По словам авторов исследования, исследование, которое будет опубликовано 29 июля в журнале Science Advances, может открыть новые возможности для разработки лекарств для предотвращения или лечения бактериальной инфекции.Исследователи выяснили, насколько плотно скручены длинные нити ДНК, что необходимо, если они должны уместиться в компактных пространствах. У эукариот нити обвивают гистоновые белки, чтобы поместиться внутри ядра.
Для одноклеточных прокариот, в состав которых входят бактерии, белки HU служат гистонами, а хромосомы группируются в нуклеоид, у которого отсутствует мембрана.Когда обычные изгибы и повороты уплотнения ДНК превращаются в суперспирализацию, могут начаться проблемы.

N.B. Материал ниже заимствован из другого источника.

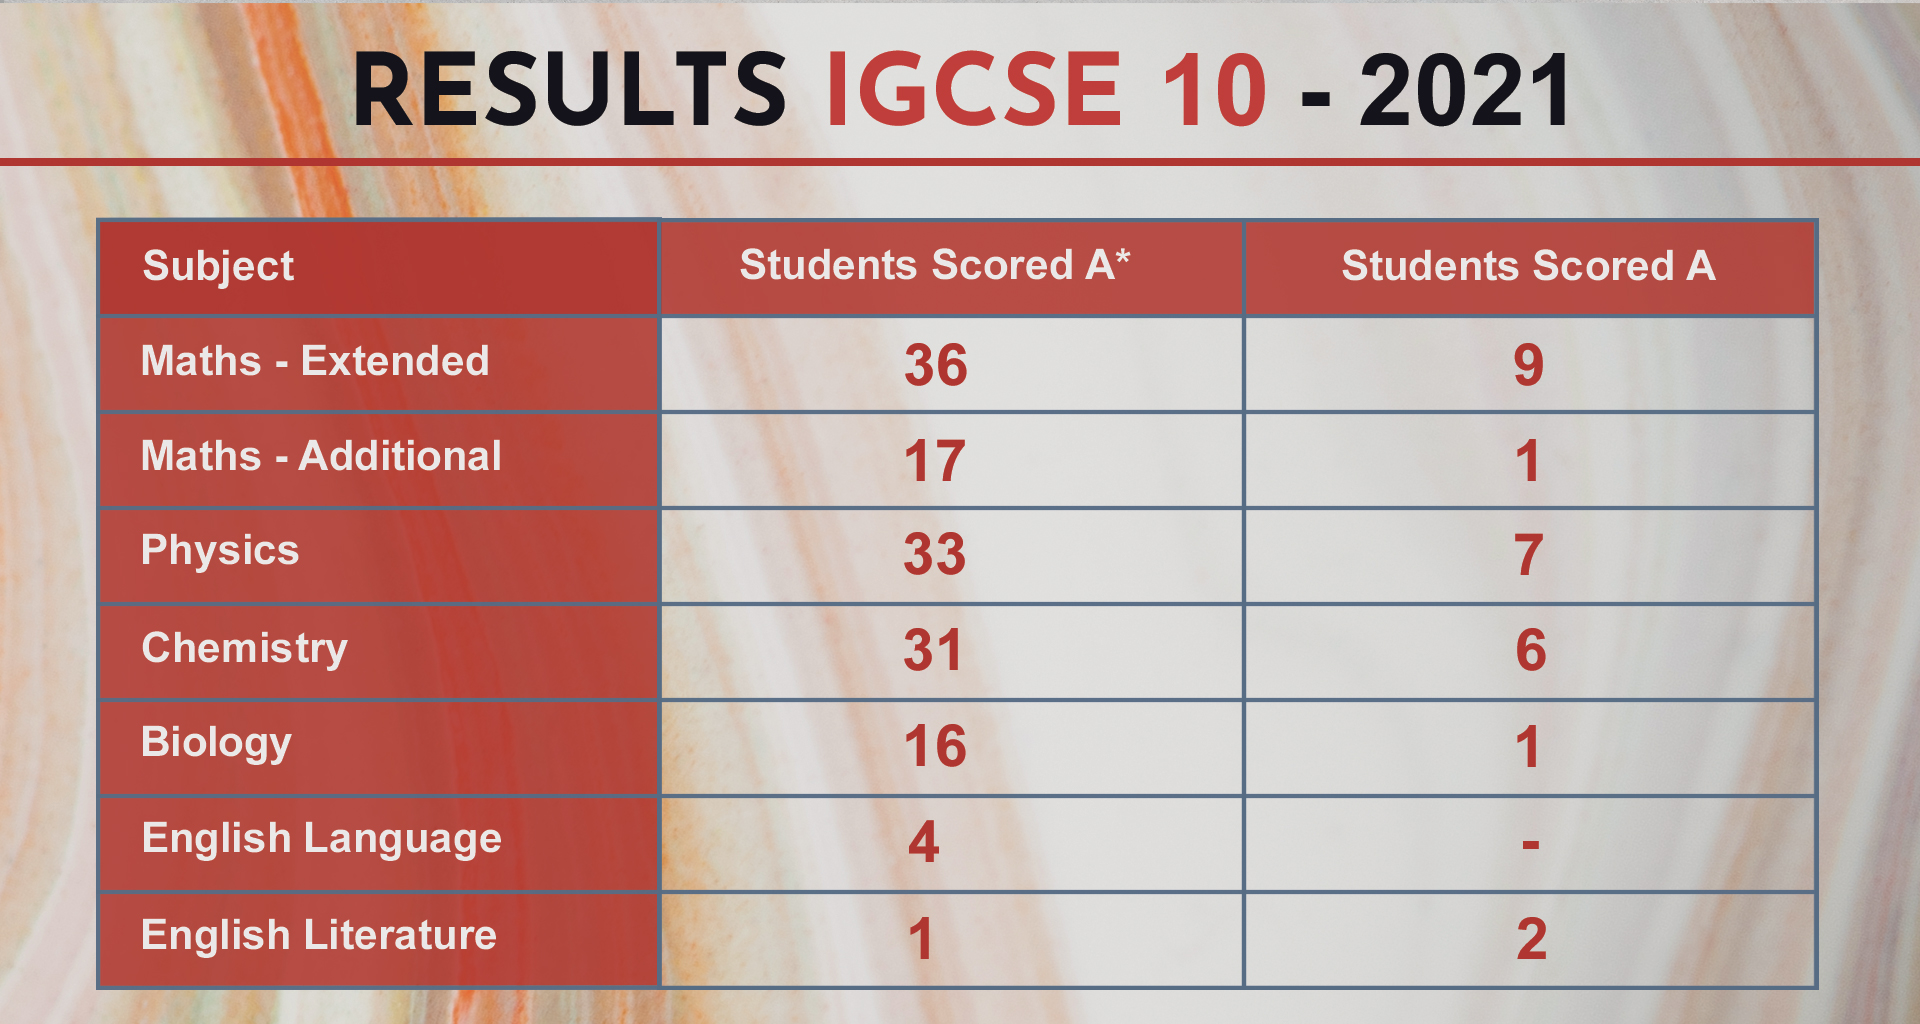 IGCSE 10 Results - 2021

«Было известно, что суперспирализация ДНК приводит к патогенности у бактерий, но то, как именно бактериальная хромосома конденсируется, организуется и, в конечном итоге, сегрегируется, оставалось загадкой более полувека», — сказал ведущий автор исследования Михал Хаммел, научный сотрудник из Беркли. Отделение молекулярной биофизики и интегрированного биоимиджинга лаборатории. «Что мы сделали впервые, так это визуализировали на E. coli, как происходит эта упаковка, и мы также обнаружили, что то, как белки HU упаковывают хромосомы, может запускать экспрессию генов.

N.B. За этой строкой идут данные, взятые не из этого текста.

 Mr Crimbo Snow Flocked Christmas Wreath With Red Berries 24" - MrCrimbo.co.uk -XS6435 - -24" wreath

Это ново».Захват HU в действииВыяснение этих молекулярных механизмов повлекло за собой визуализацию белков HU с разным разрешением и на разных стадиях с использованием двух каналов передачи в Advanced Light Source лаборатории Беркли, пользовательского объекта Управления науки Министерства энергетики США. Канал SIBYLS (структурно интегрированная биология для наук о жизни), управляемый старшим научным сотрудником Джоном Тайнером, сочетает в себе возможности рентгеновской кристаллографии и малоуглового рассеяния рентгеновских лучей (SAXS).

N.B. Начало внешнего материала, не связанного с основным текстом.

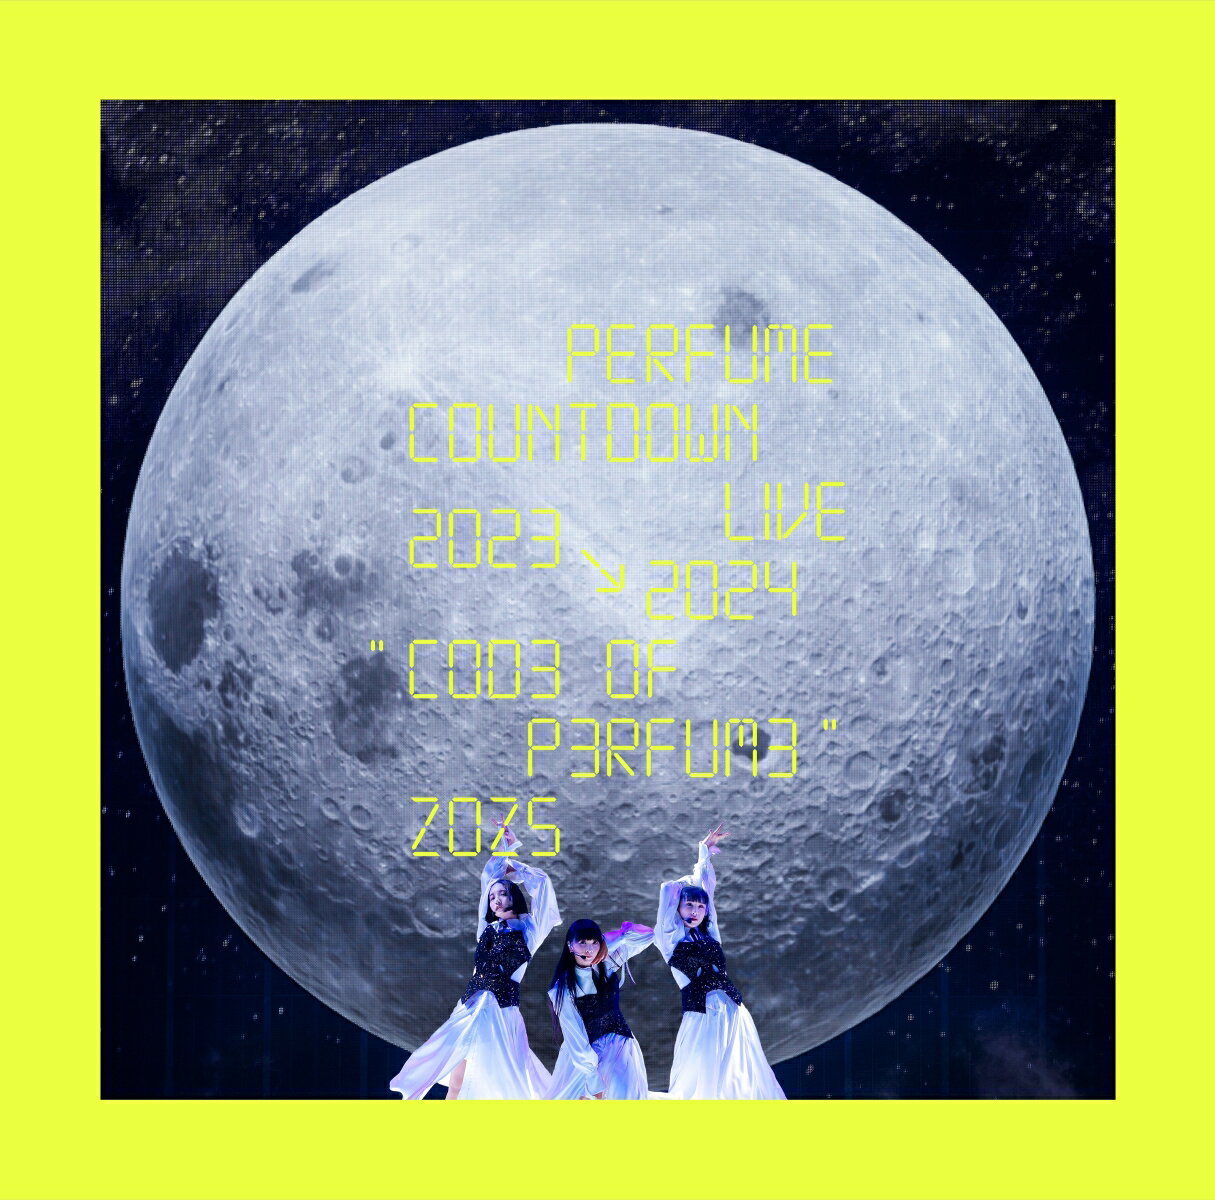 Perfume Countdown Live 2023→2024 “COD3 OF P3RFUM3” ZOZ5(通常盤DVD)

Кристаллография предоставила детали на атомном уровне того, как белки HU взаимодействуют с бактериальной ДНК, в то время как SAXS смогла показать, как белки HU собираются и влияют на более длинные цепи ДНК в растворе.Чтобы получить четкое представление о том, как это скручивание и упаковка проявляется на клеточном уровне, Хаммель объединился с научным сотрудником лаборатории Беркли Кэролайн Ларабелл, директором Национального центра рентгеновской томографии (NCXT), также базирующегося в Advanced Light Source.«Нам было необходимо взаимодействие этих различных методов, чтобы получить общую картину того, как взаимодействия HU с ДНК влияют на бактерии», — добавил Ларабелл, который также является профессором анатомии в Калифорнийском университете в Сан-Франциско. «С помощью рентгеновской томографии мы можем увидеть естественный контраст в органическом материале в состоянии, максимально приближенном к живому, и мы можем предоставить количественные сравнения того, насколько уплотненными были хромосомы у патогенных и нормальных штаммов E. coli. . "Ларабелл подсчитал, что генетический материал в патогенной кишечной палочке настолько плотно упакован, что потребляет меньше половины объема по сравнению с его немутантным аналогом.Мишень для контроля патогенеза
До этой статьи считалось, что фермент топоизомераза является основным двигателем свертывания ДНК у бактерий. Это новое исследование показывает, что, независимо от топоизомеразы, изменения сборки белков HU было достаточно, чтобы вызвать изменения в свертывании ДНК на разных стадиях роста бактерий.«Что примечательно в белках HU как триггере экспрессии генов, так это то, что они быстрые, — сказал Хаммел. «Это имеет смысл как механизм выживания бактерий, которым необходимо быстро адаптироваться к разным условиям».Результаты исследования также вызывают вопрос: если можно включить патогенность, можно ли ее также выключить?
«Мы определенно ожидаем ответа на этот вопрос в будущих исследованиях», — сказал Хаммель. «Эти взаимодействия HU могут быть привлекательной мишенью для лекарств, контролирующих патогенез не только бактерий, но и других микробов со сравнимой генетической структурой».